Further, the amount of warpage was measured in the case of a silicon wafer of the present invention having a two-layer structure of a silicon nitride film and a polysilicon film. The measurement results are shown in Table 1 together with the case of the single layer. Note that the thickness in the table is the total thickness of the film formed.

As is clear from Table 1, when the film on the back surface is one layer, the silicon nitride film has a convex warp of 13 μm to 20 μm on the mirror surface side. In the case of a polysilicon film, a concave warp of about 30 μm occurs on the mirror surface side.

However, by creating a two-layer structure according to this invention,
A low-warpage silicon wafer with a concave mirror surface side and a warpage amount of 8 to 10 μm can be obtained.

Example 2 5-inch silicon wafer (N(100) p 4~
6Ω-cm.

[Oil 15.5X10 atom/cc, Cs
1.0 x 10 atm/cc) under various conditions and subjected to heat treatment (1150° C. x 4 hours), and the state of precipitates on the back side where the film was formed was observed using a microscope.

FIG. 1 shows a two-layer structure of a silicon nitride film and a polysilicon film on the back surface of a silicon wafer.

Figure 2 shows a case in which a silicon nitride film is formed on the back surface, and figure a shows a case in which a silicon nitride film is further formed after forming a silicon nitride film (the present invention).

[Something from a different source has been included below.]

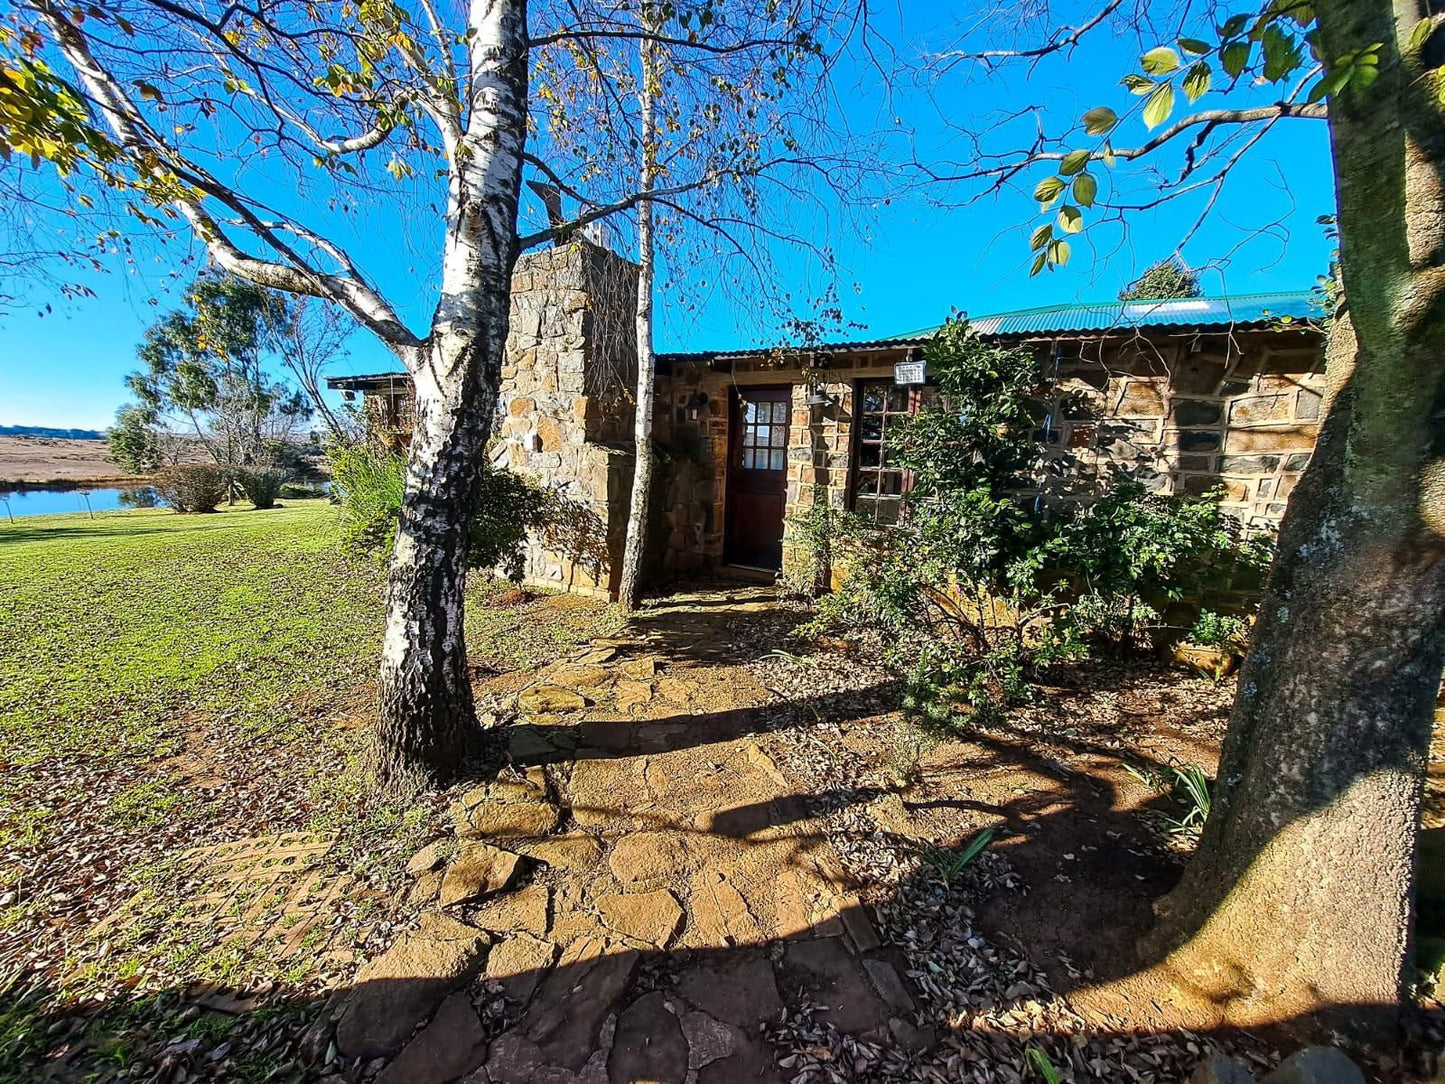 Dullstroom Manor Dullstroom Mpumalanga South Africa Complementary Colors, Cabin, Building, Architecture, Framing

After the film is formed, annealing treatment is performed under the conditions for depositing a silicon film.C in the figure shows a case where annealing treatment is performed under the conditions for depositing a silicon nitride film, and then annealing treatment is performed under the conditions for depositing a polysilicon film.

FIG. 3 shows a case in which a silicon nitride film and a polysilicon film are formed on the back surface of a silicon wafer, and then the required heat treatment is performed.
Effects of the invention: Precipitates of 7 x 107 cm2 or more were observed up to a distance of about 0.11m Compared to the case of a single layer film, a reduction in the amount of warpage by about 4 layers m - 4 layers μm was observed.

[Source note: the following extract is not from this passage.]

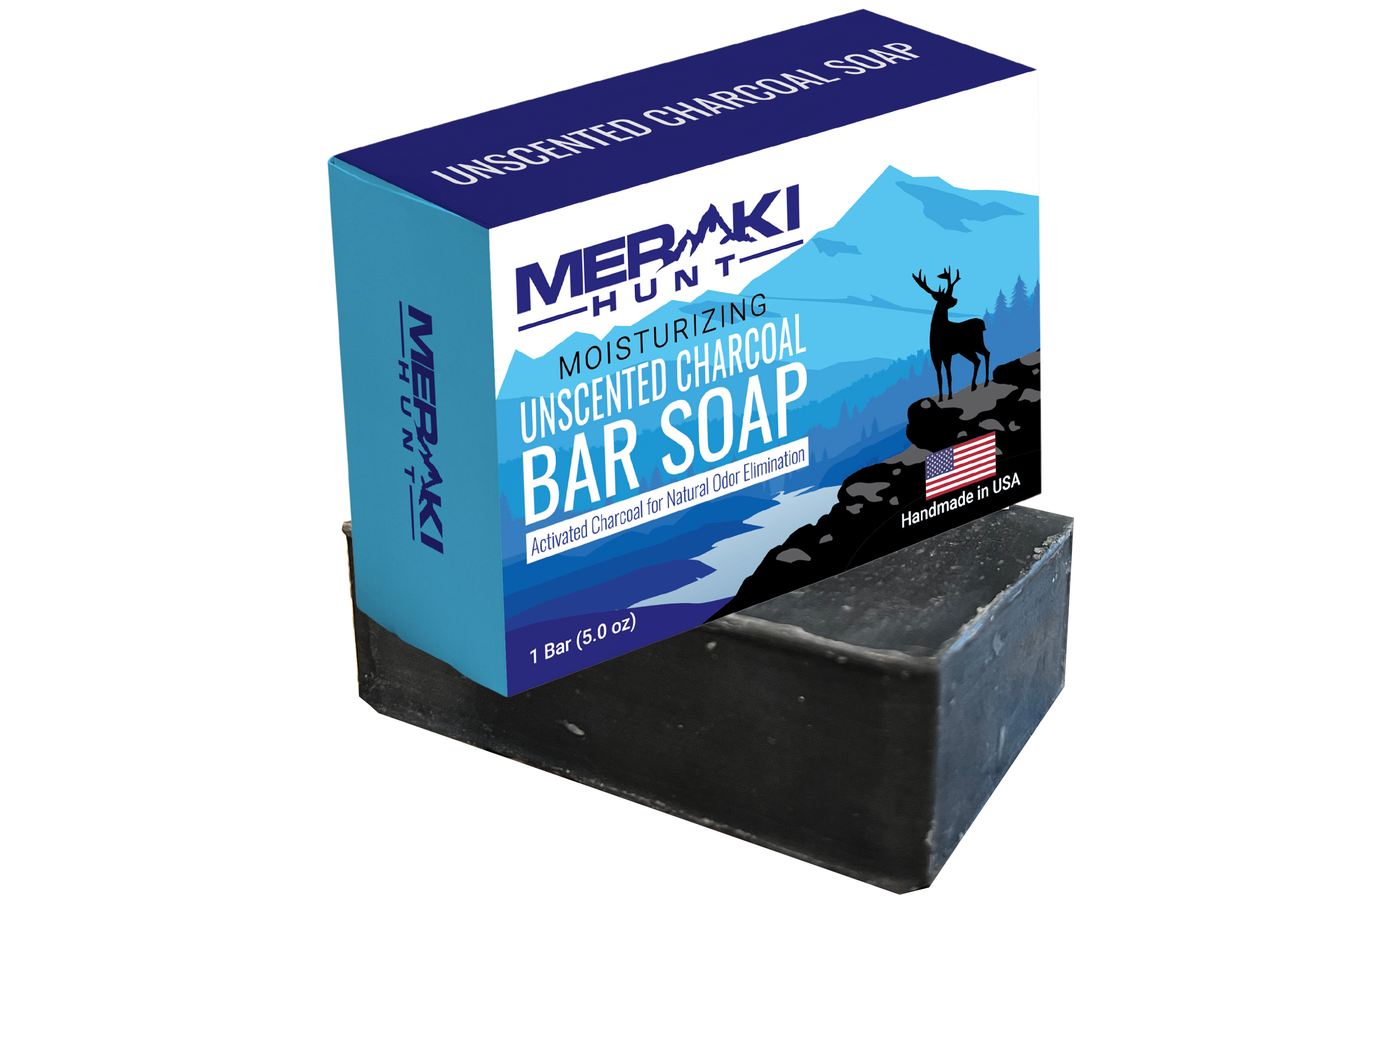 Meraki Hunt Unscented Bar Soap with Activated Charcoal

Furthermore, the precipitates on the back layer of the silicon wafer can be significantly increased from 5 x 103 co/cm2 to more than 7 x 107 co/cm2 compared to the case of a single layer film, which has an intrinsic gettering effect. Silicon wafers can be manufactured easily.

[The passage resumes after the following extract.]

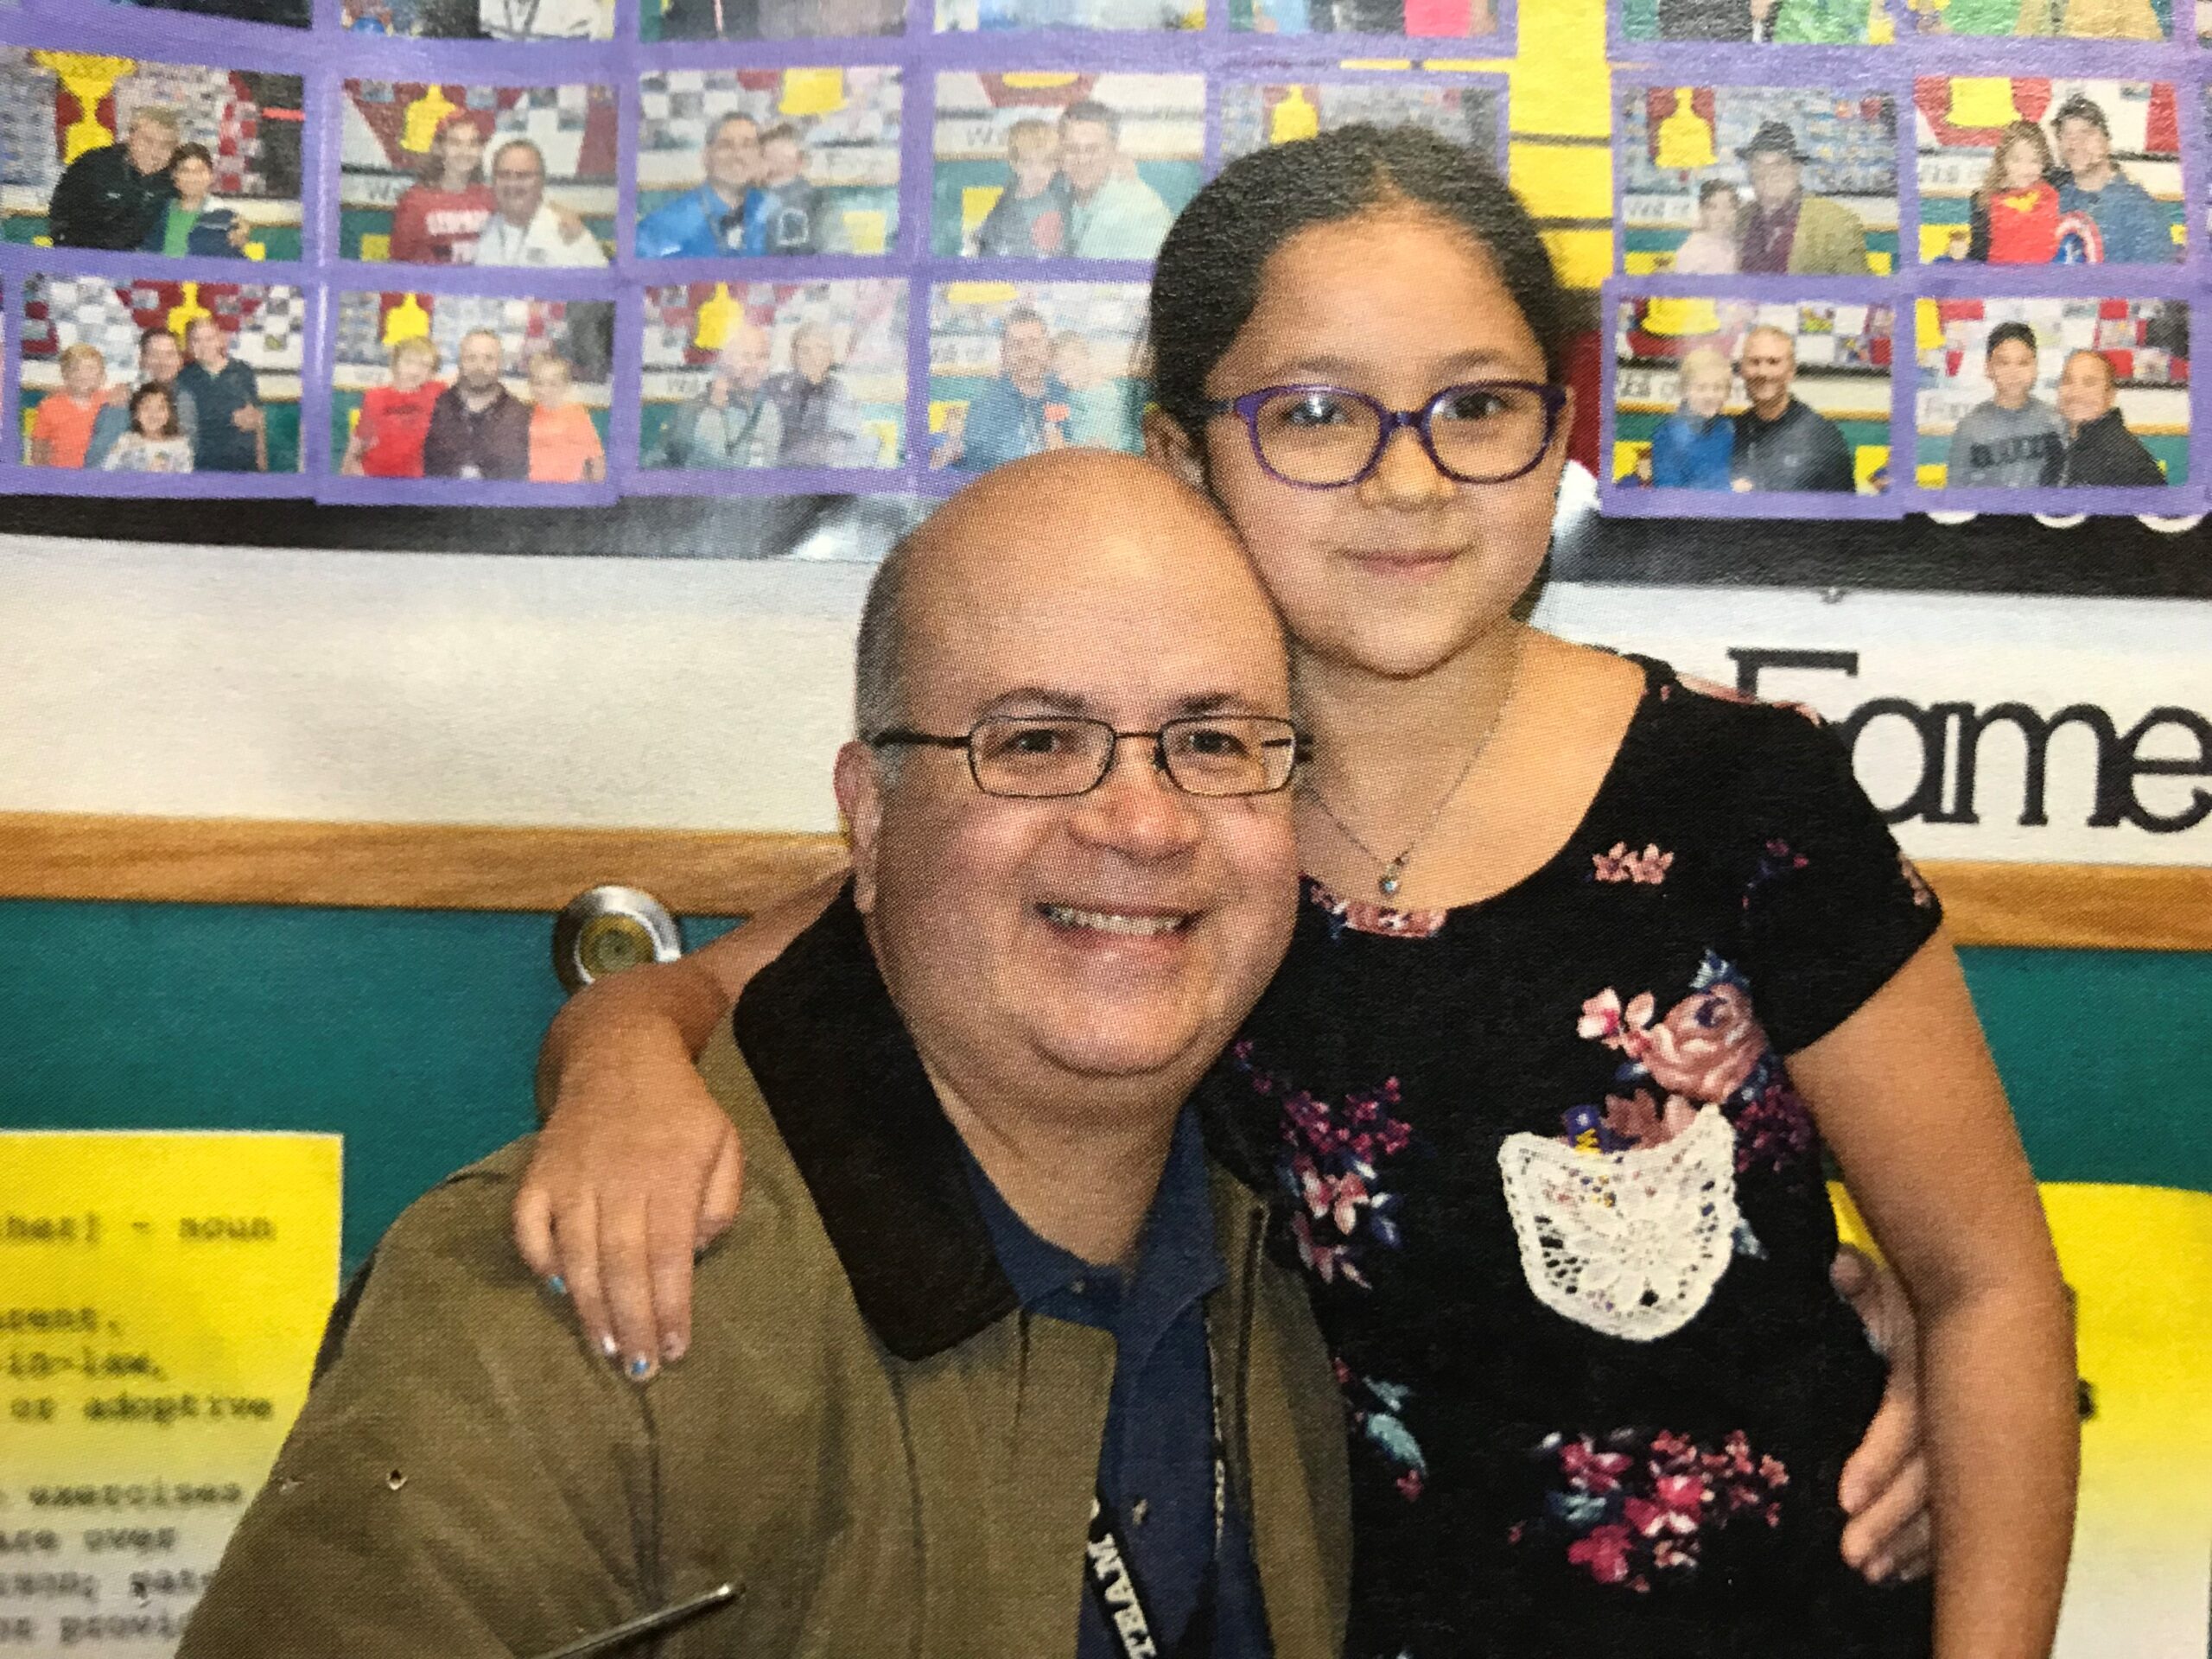 Dr. Martinez and his daughter, Sofia.

[Brief explanation of the drawing]

FIG. 1, FIG. 2 a, b, c, and FIG. 3 are microscopic photographs of longitudinal sections of silicon wafers.

Claims (1)

[Scope of Claims] 1. A silicon wafer characterized in that it has two or more thin films formed by successively forming a silicon nitride film and a polysilicon film on its back surface by low-pressure CVD, and has an intrinsic gettering effect. 2. The silicon wafer according to claim 1, wherein the silicon nitride film has a thickness of 0.05 to 0.1 μm and the polysilicon film has a thickness of 0.5 to 1.5 μm.